An Inconvenient Truth, the Sequel: Speaking Truth to Power - much less about the science than the first one (which was really a sort of rock concert tour movie of the presentation). More about the politics leading up to Paris COP 21 -- the scene where they take the Metro to get out of a traffic jam... Some scenes, such as meeting public officials in Miami, were quite interesting. I found it to be quite moving, on the whole.
http://www.pbs.org/the-farthest/home/
The Farthest - will be a PBS documentary as well. About the Voyager Space Probes, Voyager I is the first man made object to leave the solar system and the solid gold LP it carries with the voices and music of humanity will likely be the last thing to survive us in the Cosmos. The Voyager probes bracket my adult life, and in particular I find the clips of Carl Sagan, who was instrumental in getting the record put on the craft, to be touching -- Sagan died not long after the Voyager reports from Uranus, I believe. There's that sense of loss, of someone one has known, who is no more, a shining beacon in the darkness, extinguished.

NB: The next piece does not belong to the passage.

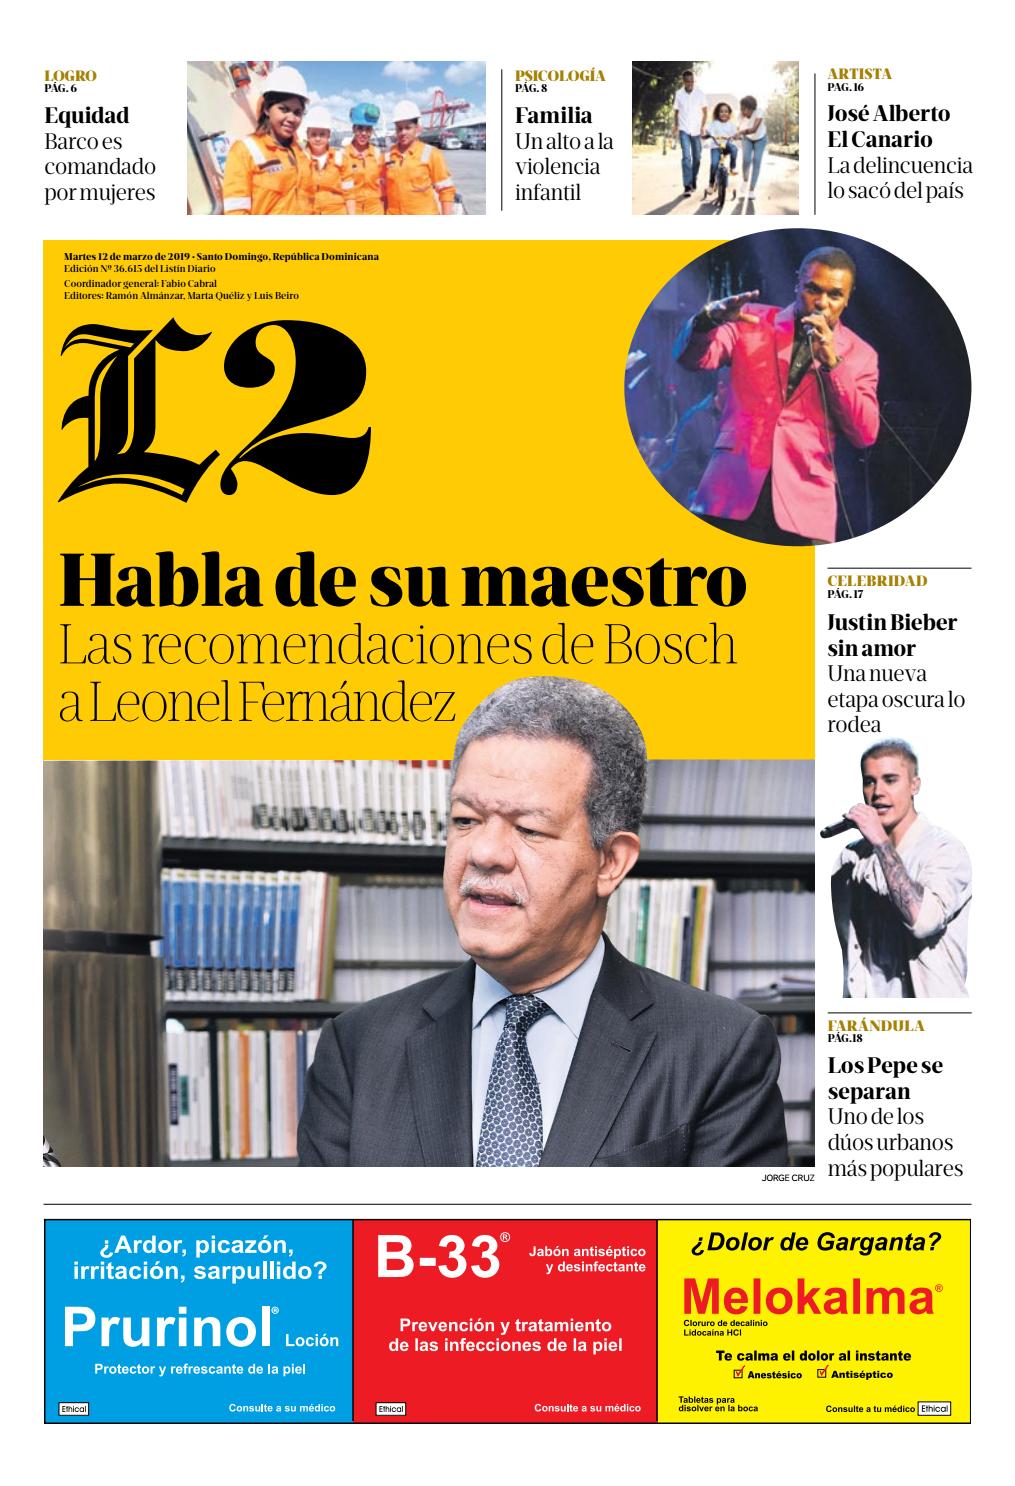 Portada Periódico Listín Diario – Sección L2, Martes 12 de Marzo 2019

Wonder Woman, which I enjoyed as a better class of superhero movie (OK, low bar
). For me, the scene in which her advance across No Man's Land is seen from the perspective of the German Machine Gun crew-- that's not a perspective often shown in Hollywood's depictions of war. You could feel how baffling and frightening it must have been. Gal Godot was an appropriate choice for Wonder Woman-- possessing the right degree of physicality (she was actually pregnant for some of the retakes, which were shot green screen), foreignness and humour. The English comedienne (Lucy Davis) who plays Eta Candy deserved a bigger part
. And Danny Huston as the villainous Ludendorf is just perfect -- his brooding, hulking presence (with the obligatory bad guy German accent).